4. The clerk will remove the restriction on access to the originally filed transcript after the case is closed and when no further appeals can be filed and no appeals are pending.

[1] Mr. Harvey represented FOA during the period when the settlement agreement was negotiated and presented to the court, a period when Mr. Dingman was not representing FOA. The Board that retained Mr. Harvey consisted of three Gordon Properties-affiliated directors. Mr. Harvey’s employment ended after the settlement was not approved and when Mr. Dingman was re-employed. The latter actions was taken by a different Board.

[2] Mr. Donelan subsequently filed a motion to withdraw.

[3] A transcript of the ex parte hearing can be ordered, however, if ordered it will be filed under seal so that FOA may seek redaction of any portion that could impair its negotiations with Gordon Properties. The transcript will be available to the public after FOA has sought its redactions. At the conclusion of the case, unless good cause is shown, the entire transcript — without redactions — will be available to the public.

[4] It is difficult to determine the effect of Gordon Properties’ votes for the four directors on their election. Mr. Reichenbach testified that he believed that the top three vote getters — Mr. Wolstoncroft, Mr. Fochtman and himself — would likely have been elected even without the Gordon Properties’ votes. It appears to be a reasonable conclusion. Another way to measure the impact of Gordon Properties’ votes is to determine who would have been elected had Gordon Properties not voted, an analysis that itself suggests that there was some impropriety in Gordon Properties voting at all. Neither this analysis nor Mr. Reichenbach’s conclusion can be fully tested without knowing the vote tallies of all the candidates. The vote tallies were not available to the court at the hearing.

[5] They questioned the benefit to the association of spending millions on legal fees in an effort to recover hundreds of thousands of dollars. They felt that the cost of the ongoing litigation had caused hardship throughout the building. Mr. Fochtman stated that he thought FOA’s attorney’s fees from the beginning of the litigation with Gordon Properties and Condominium Services — which began in the state courts years before the commencement of the bankruptcy cases — was more than $4 million. He stated that for the first two years he was not aware of the bankruptcy litigation and that there was little impact on the condominium fees because the attorney’s fees were paid from the condominium reserve funds. When reserve funds were no longer available, condominium fees went up significantly. In his case, the condominium fee on his one-bedroom unit went up about $200 a month. While he could not allocate that between attorney’s fees and other cost increases, he believed a significant portion was to fund attorney’s fees. Some members, he felt, sold their units because the condominium fees were pressing their personal budgets. In addition, the funds available to operate the condominium were reduced to pay attorney’s fees.

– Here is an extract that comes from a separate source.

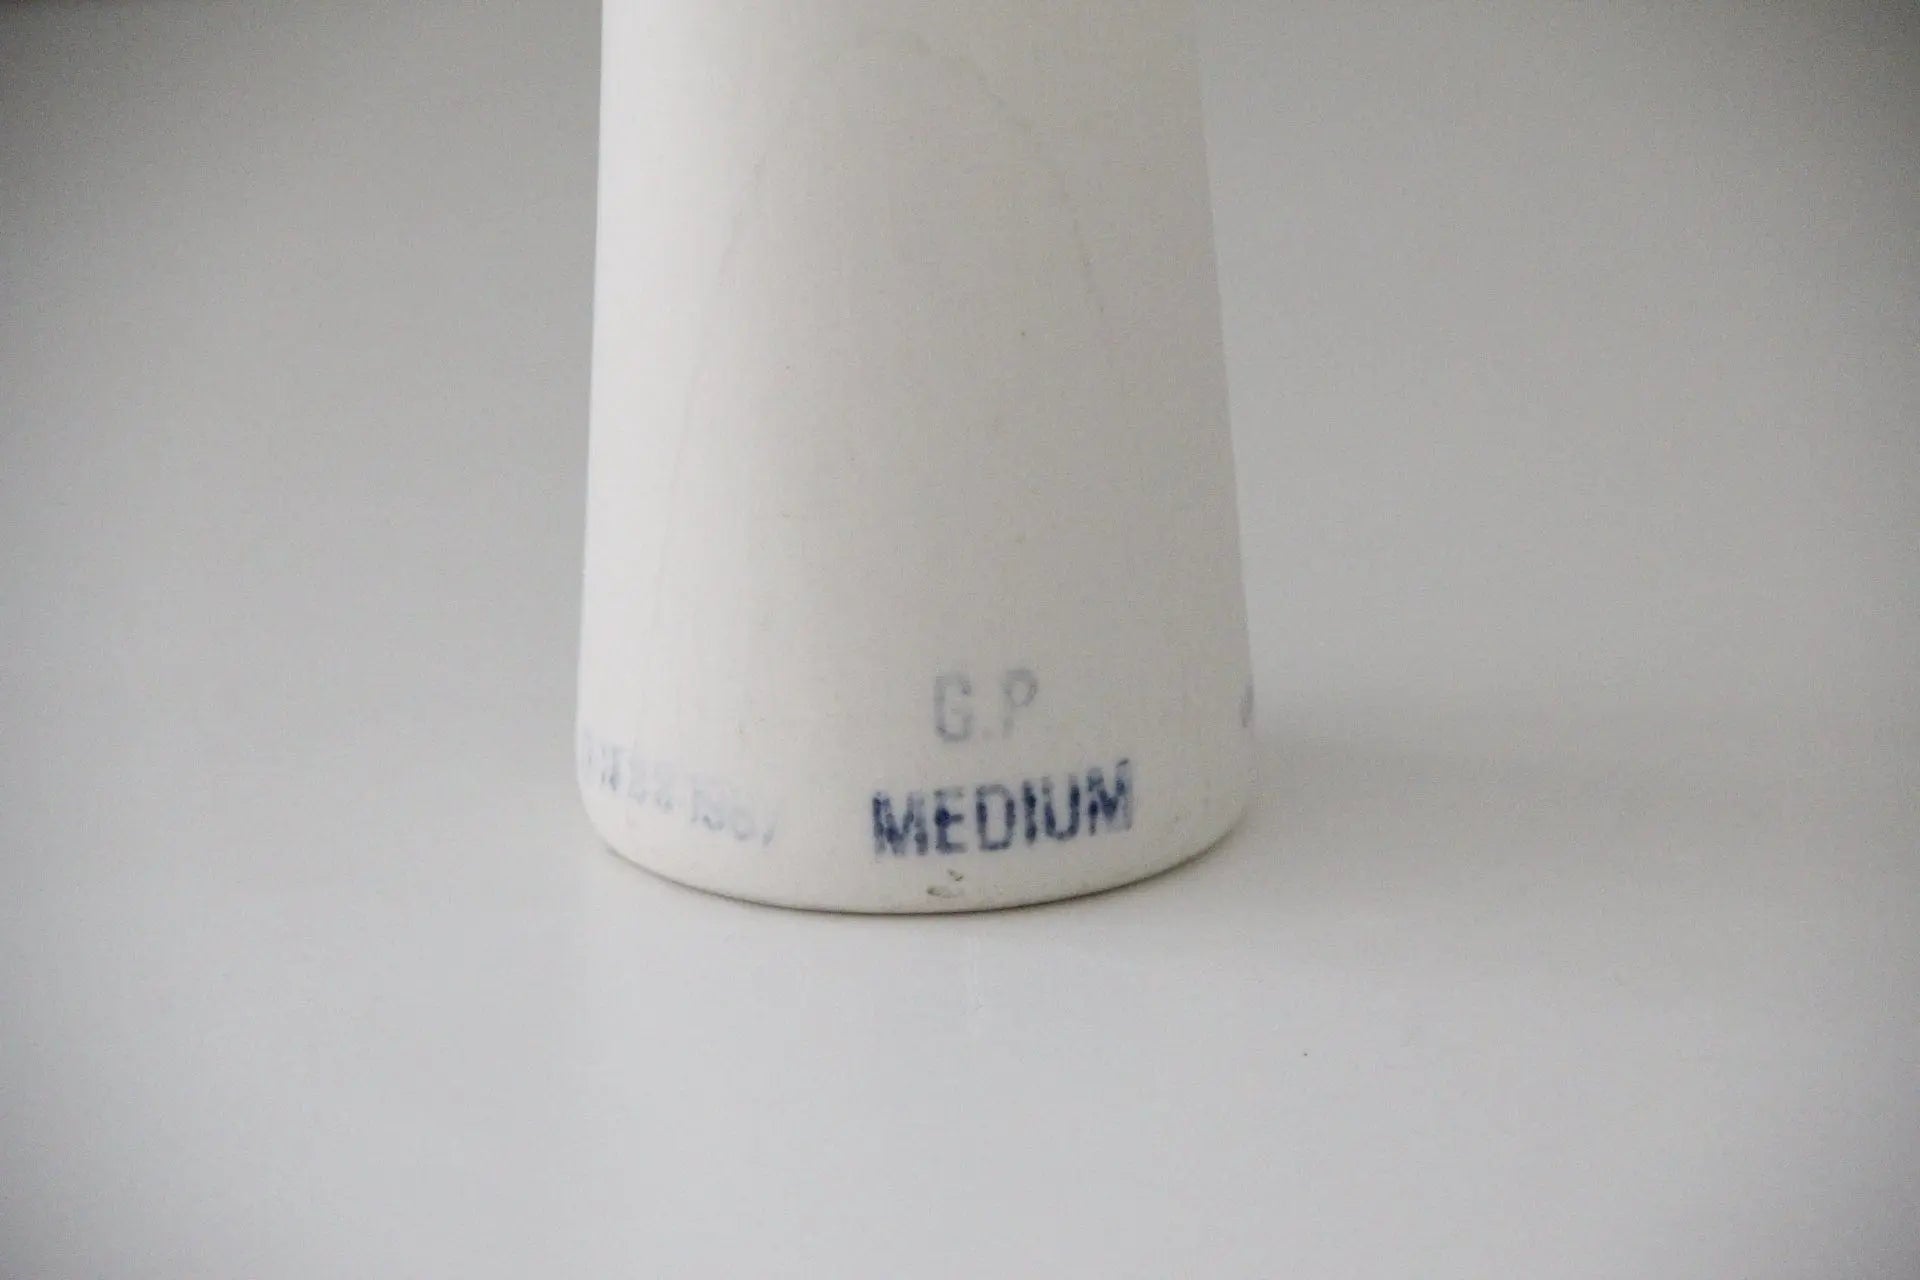 Vintage Porcelain Glove Mold | Matte Finish | Medium  Debra Hall Lifestyle

[6] Ms. Quelch did not mention Mr. Dingman’s involvement in Sobel v. Sells (In re Gordon Properties), 505 B.R. 703 (Bankr.E.D.Va. 2013) in which Mr. Dingman and his firm were disqualified as counsel for 11 unit owners who sued FOA, Gordon Properties and others. The suit was filed shortly after Gordon Properties reached a settlement with FOA which the plaintiffs opposed. The suit — removed to this court — endeavored to defeat the settlement by asserting, among other reasons, that the Board was improperly constituted, the Special Litigation Committee was improperly formed and the settlement agreement was not properly entered into by FOA. Mr. Harvey successfully prosecuted the disqualification motion on behalf of FOA in that case. Reed Smith represented the plaintiffs pro bono. Id. at n.2.